Data section:

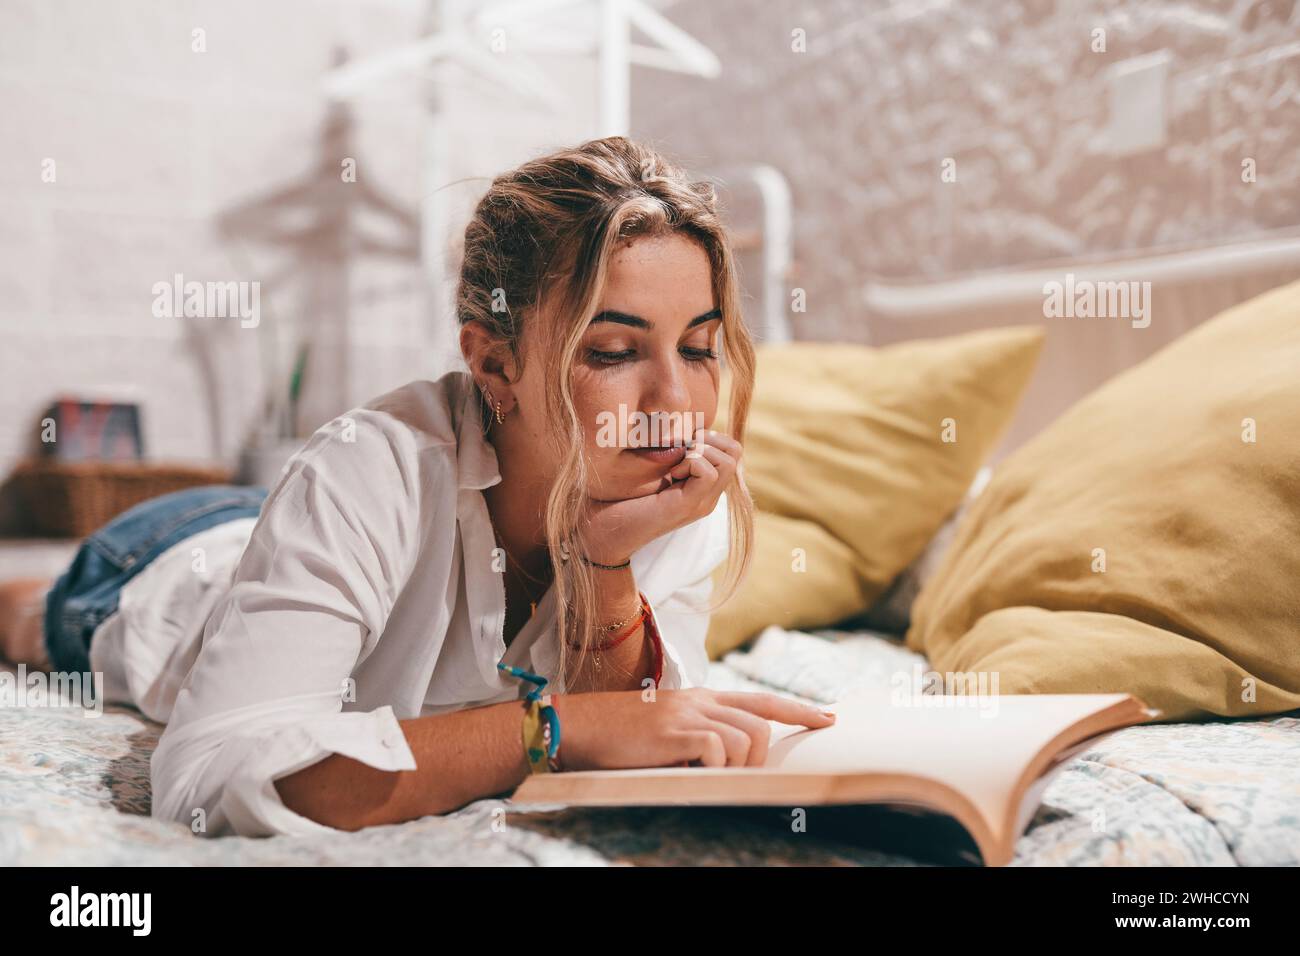 Junge kaukasische Mädchen entspannen im komfortablen Schlafzimmer und lesen interessantes Buch zu Hause Wochenende, lächelnde tausendjährige Frau Ruhe in gemütlichem Bett Genießen Sie Roman, Hobby, Entspannungskonzept Stockfoto
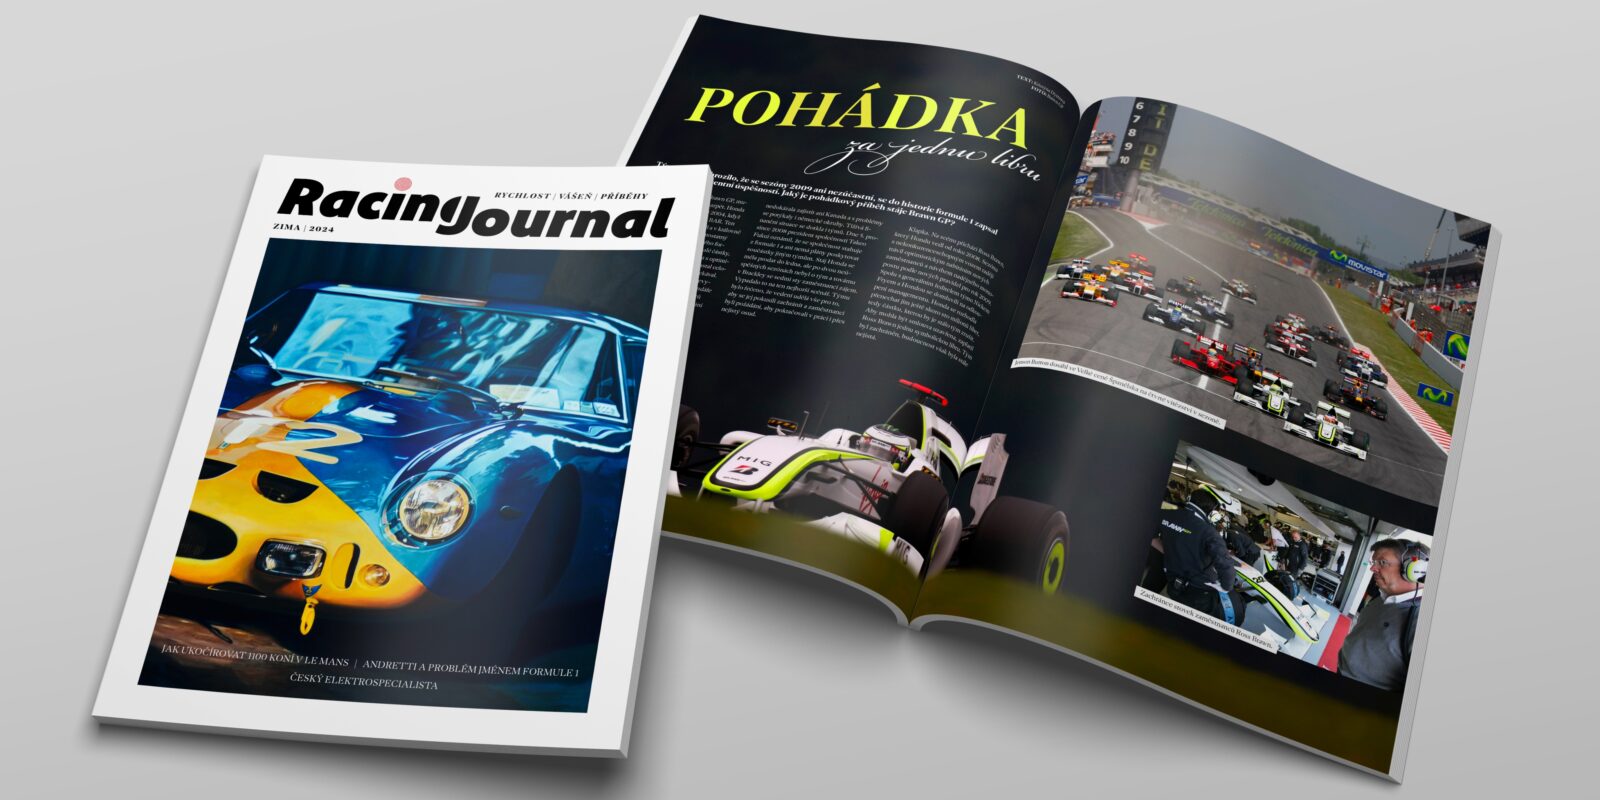 Vychází druhé číslo časopisu Racing Journal
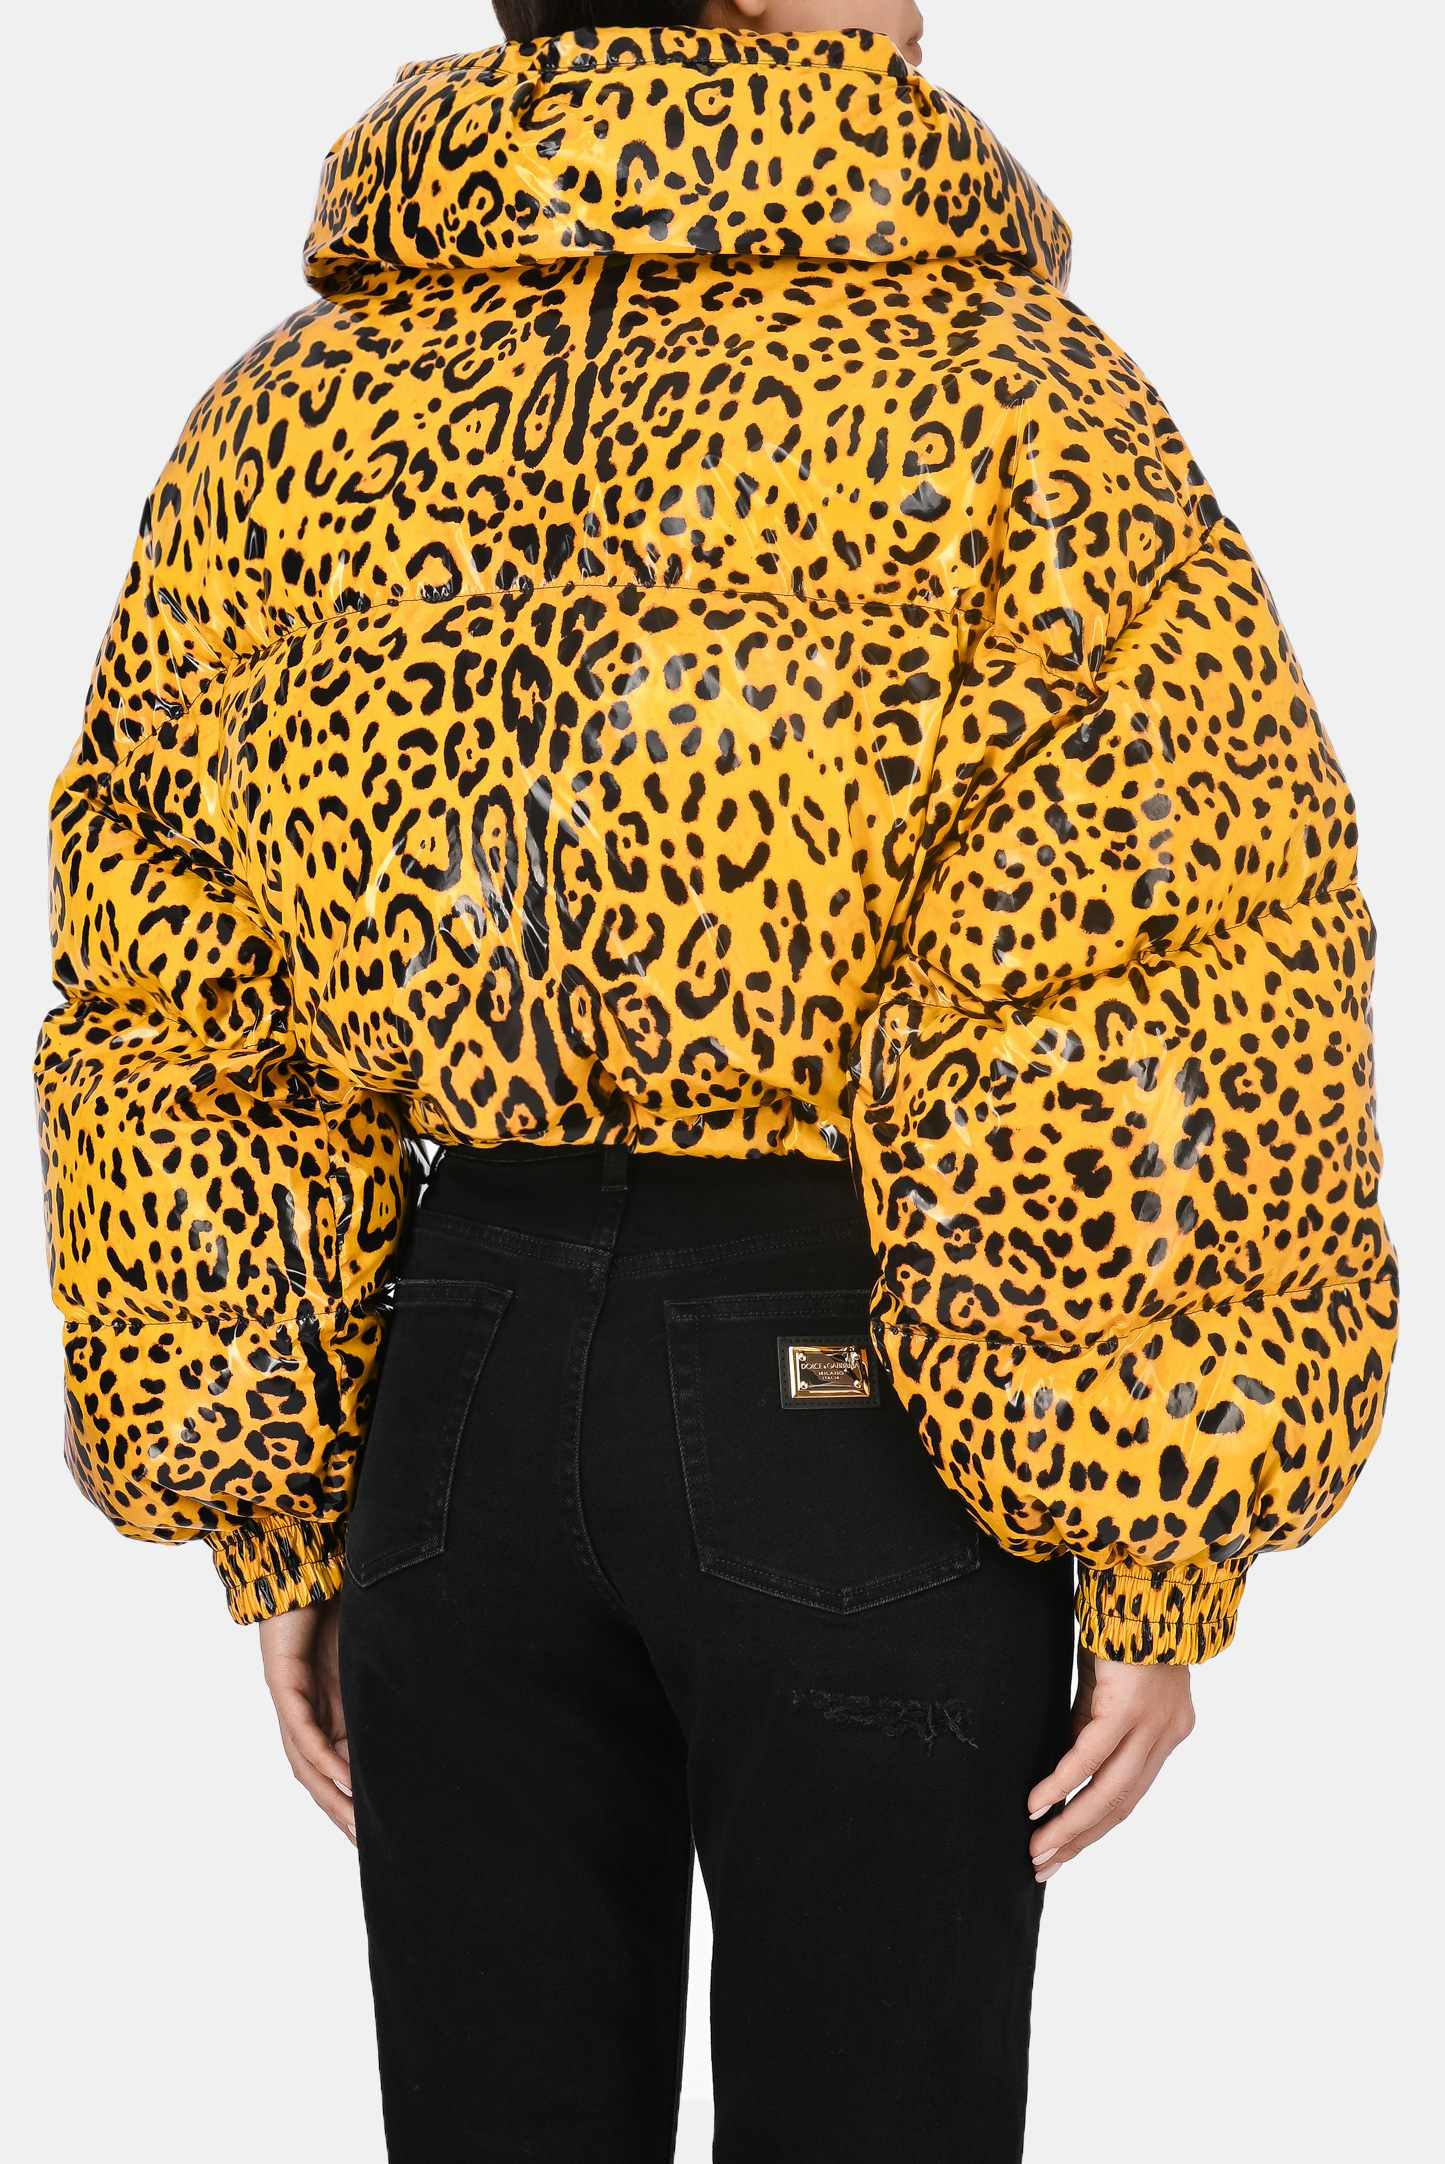 Куртка DOLCE & GABBANA F9L95T FSRNH, цвет: Леопардовый, Женский
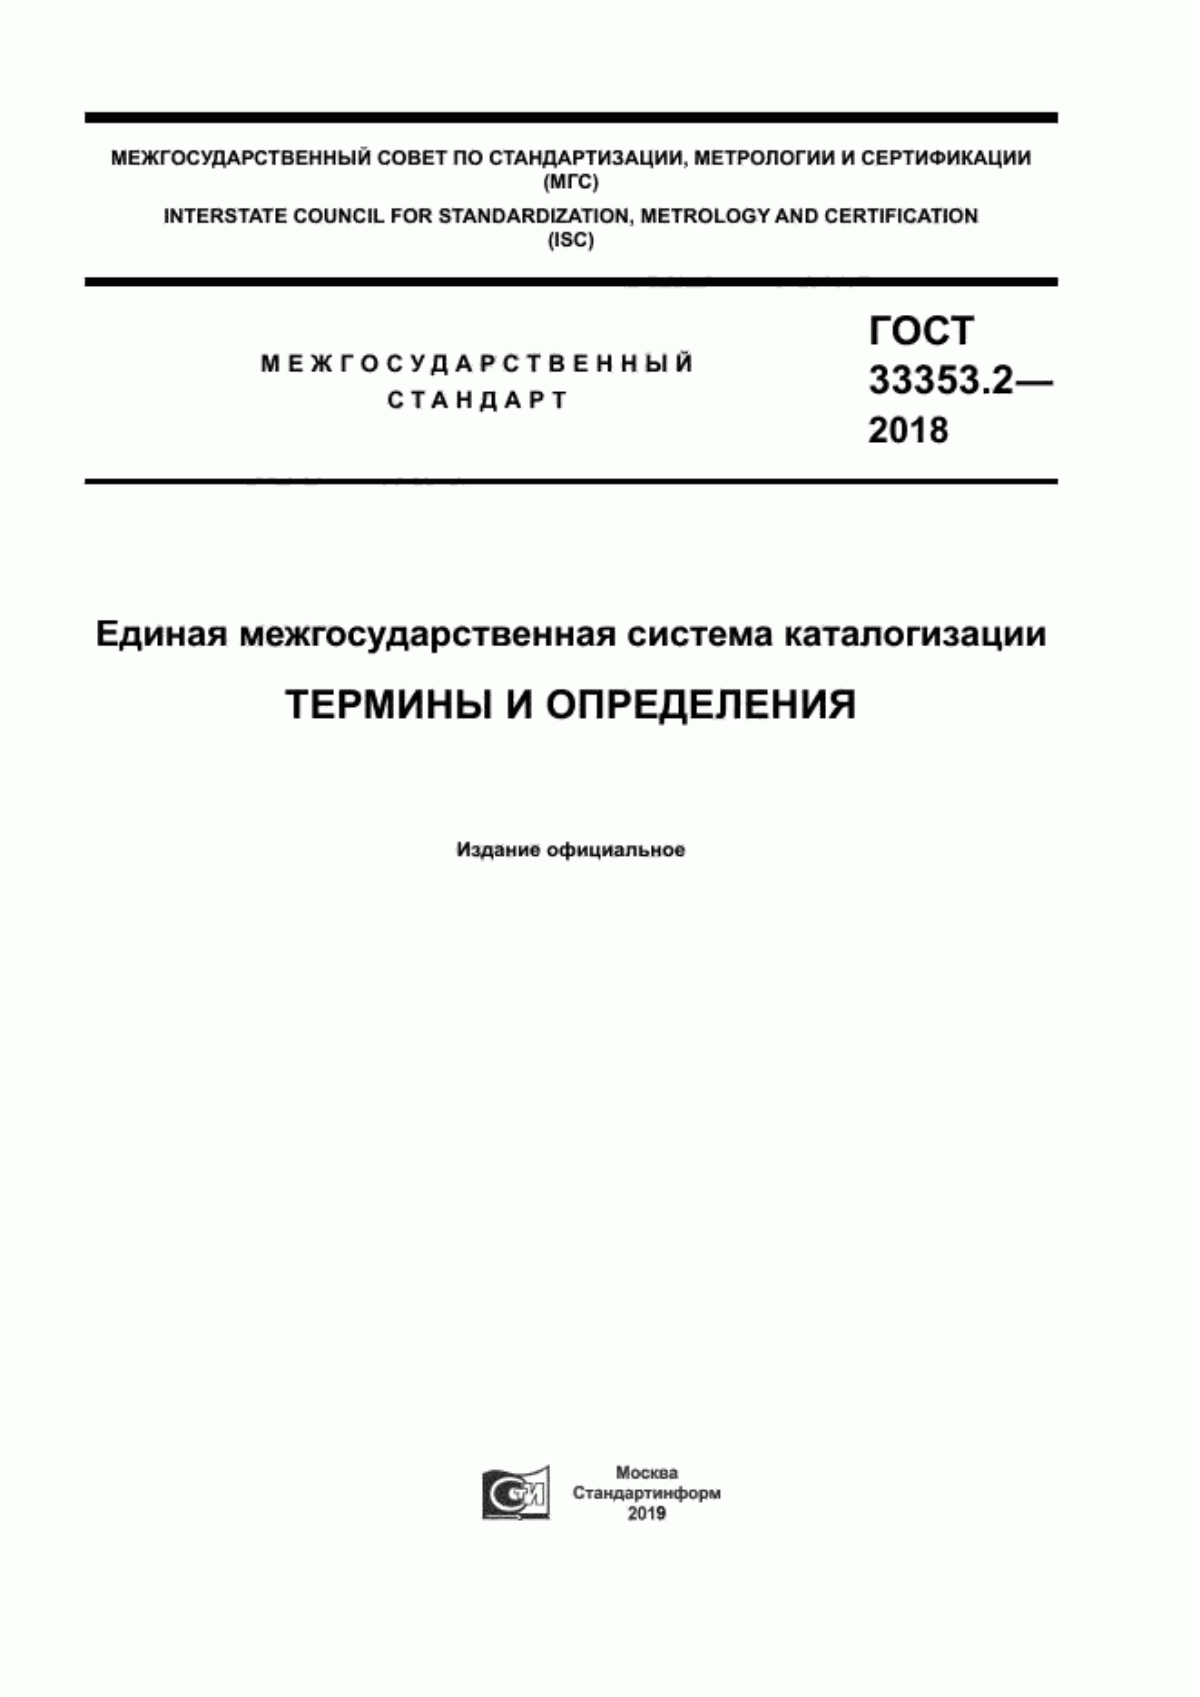 ГОСТ 33353.2-2018 Единая межгосударственная система каталогизации. Термины и определения

Work request: Your answer must be only the lines from the one that holds "Vychází druhé číslo časopisu Racing Journal" to the end of the listing, each restated word for word, with both ends kept and pictures left out.

Exercise response:
 Vychází druhé číslo časopisu Racing Journal
 Куртка DOLCE & GABBANA F9L95T FSRNH, цвет: Леопардовый, Женский
 ГОСТ 33353.2-2018 Единая межгосударственная система каталогизации. Термины и определения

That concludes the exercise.